I think (I am not willing to investigate far enough to be certain) that more than half of my paying subscribers to this newsletter are based in America. This speaks, firstly, to the enormous generosity of the American people (not to mention their GDP). But, secondly, it stands to reason that they (which is to say you) might not know what’s going on here in the UK, with what we might call The Great Channel 4 Kerfuffle.
You might, indeed, not even know what Channel 4 is. I wouldn’t blame you; many people involved in this debate here in the UK don’t seem to know what it is. At its most simple level, it provided a fourth TV service here in the UK: slots 1 and 2 were occupied by the taxpayer-funded BBC, and the third slot by privately owned and operated ITV, which launched in 1955. In 1982 it was, apparently, decided that these three channels allow could not meet the huge appetites of Britain’s TV-watching public, and so a fourth channel emerged.

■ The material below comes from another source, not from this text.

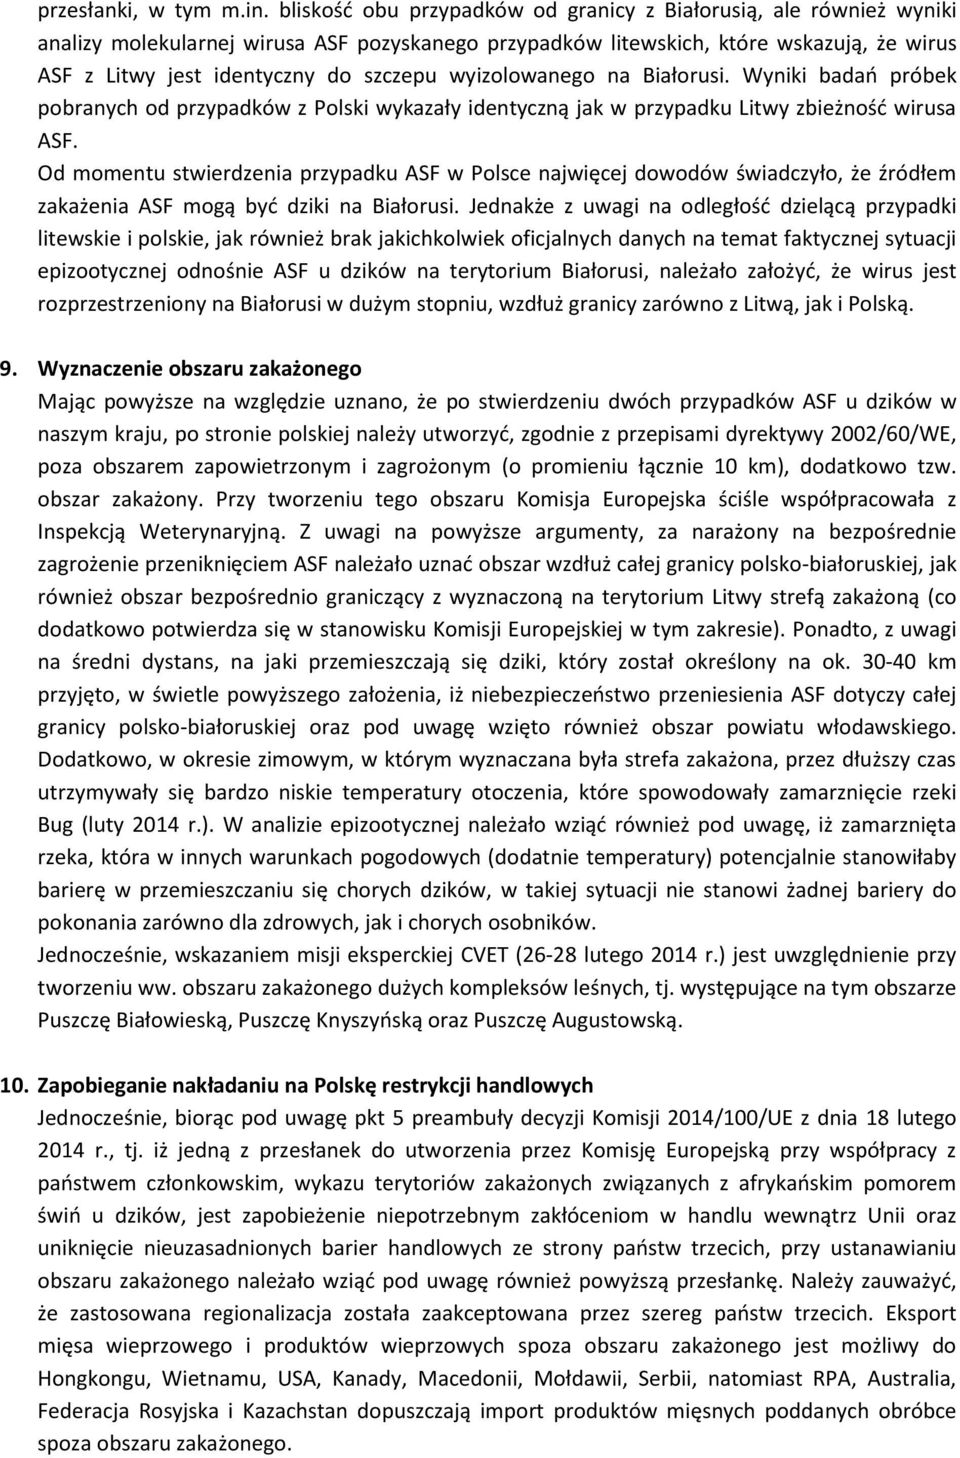 wyizolowanego na Białorusi. Wyniki badao próbek pobranych od przypadków z Polski wykazały identyczną jak w przypadku Litwy zbieżnośd wirusa ASF.

Channel 4 is a commercial channel, funded by advertising against its content. But it is owned (at least currently) but the Channel Four Television Corporation, a government entity created to facilitate the launch of the channel. As such, it has a slightly uneasy identity: it feels more private-sector than its competitors at the BBC, but is still bound by the rules of a state-owned broadcaster. Anyhow, that’s the basics on the organisation that, last week, Culture Secretary, and known village idiot, Nadine Dorries put up for sale.